Каждая сторона сохраняла свое мнение о ведении боя. Англичане предполагали маневрирование кораблями и отрядами, французы однозначно решили стрелять с якорей. Мотивировали просто: более 1300 моряков на берегу, много больных,{903} управляться с двигающимся кораблем оставшимся будет тяжело.{904}
Упрекать французов не за что. Все понимали, что не только управляться во время боя, но и дойти до Севастопольской бухты от Качи или из Камышей парусные корабли смогут, но о сложном маневрировании и говорить нечего. Потому решили применить испытанный способ — каждому линейному парусному кораблю, дать паровой буксировщик. Буксирование производить не в прямом понимании этого слова: корабль-буксирный трос-корабль, а соединить их как бы в одно целое, борт о борт: французы помнили об опыте атаки Танжера де Жуанвилем в 1844 г., когда постоянно рвавшиеся тросы ставили буксируемых под опасность стать легкой добычей береговых батарей.{905} В этом случае буксировщик буде защищен от неприятельских выстрелов и сможет обеспечивать постоянную возможность маневра линейному кораблю.

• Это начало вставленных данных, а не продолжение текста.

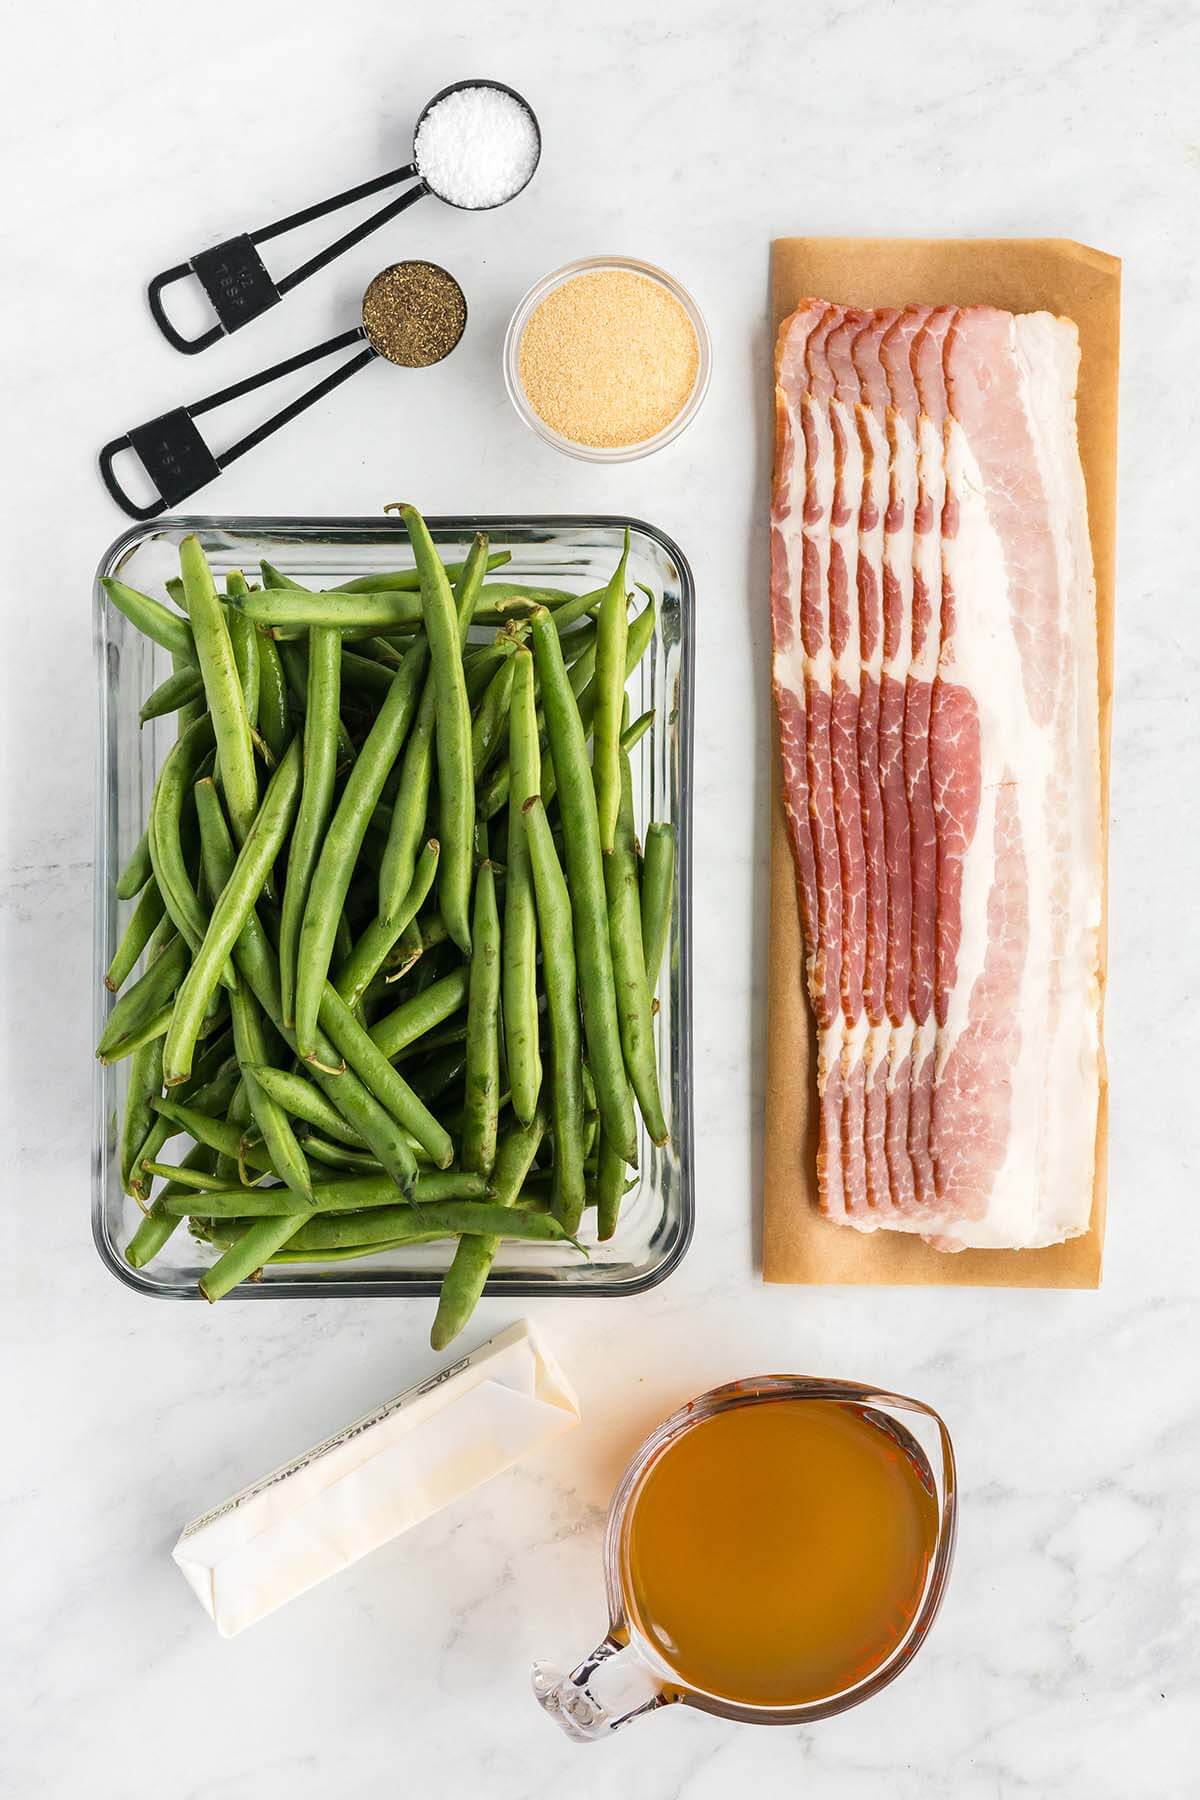 Ingredients for cooking arranged on a kitchen counter, including fresh green beans, bacon strips, seasonings, butter, and broth.

Разделили зоны обстрела. Французам досталась южная сторона (Александровская батарея и батарея №10), англичанам — северная (Константиновская батарея, батареи Волохова и Карташевского).{906}
Сегодня мы понимаем, насколько важно было для союзников создать не просто подавляющее — глобальное превосходство. Особой сложности высчитать соотношение сил нет, тем более, что это уже многократно предпринималось военными историками. Для примера возьмем данные «Русской береговой артиллерии»: «Соотношение сил флота и береговых батарей было таково. Корабли правого фланга противника имели 746 орудий одного борта, которые стреляли преимущественно по батарее № 10 и частично по Александровской батарее. Франко-турецкой эскадре противостояли 33 орудия батареи № 10, 17 орудий Александровской батареи и 23 орудия закругленной части Константиновской батареи. Всего 73 орудия. Следовательно, на этом участке противник имел более чем десятикратное превосходство в артиллерии.
Давайте сразу условимся: все эти цифры не более чем статистика. На деле и с той и с другой стороны числа были несколько иными. Не все орудия могли стрелять одновременно, каждое из них предназначалось для ведения огня в своем секторе, и потому часто в бою было задействовано меньше половины из них. В тоже время и название, например, 120-пушечный линейный корабль, не означает, что на его борту стоят точно 120 пушек. Это скорее означает его класс, категорию. А реально его артиллерия могла быть и меньше и даже немного больше.
Пять английских кораблей, из числа находившихся на левом фланге, в строю одной кильватерной колонны располагались к западу от Константиновской батареи и вели по ней огонь из 259 орудий с начальной дистанции 1400 метров. Батарея могла отвечать только 18 орудиями, а батарея № 10 и Александровская — 36. Таким образом, англичане имели здесь почти пятикратный перевес, при этом батарея № 10 и Александровская стреляли в заведомо невыгодных условиях: с большой дистанции (1900 метров).
Четыре других английских корабля, вооруженные 169 орудиями одного борта, находились северо-западнее Константиновской батареи и обстреливали ее с дистанции 1000 метров, а сами подвергались обстрелу из 15 орудий Александровской, Константиновской и № 10 батарей. Здесь противник имел одиннадцатикратное превосходство, не говоря уже о том, что батареи № 10 и Александровская действовали с больших дистанций…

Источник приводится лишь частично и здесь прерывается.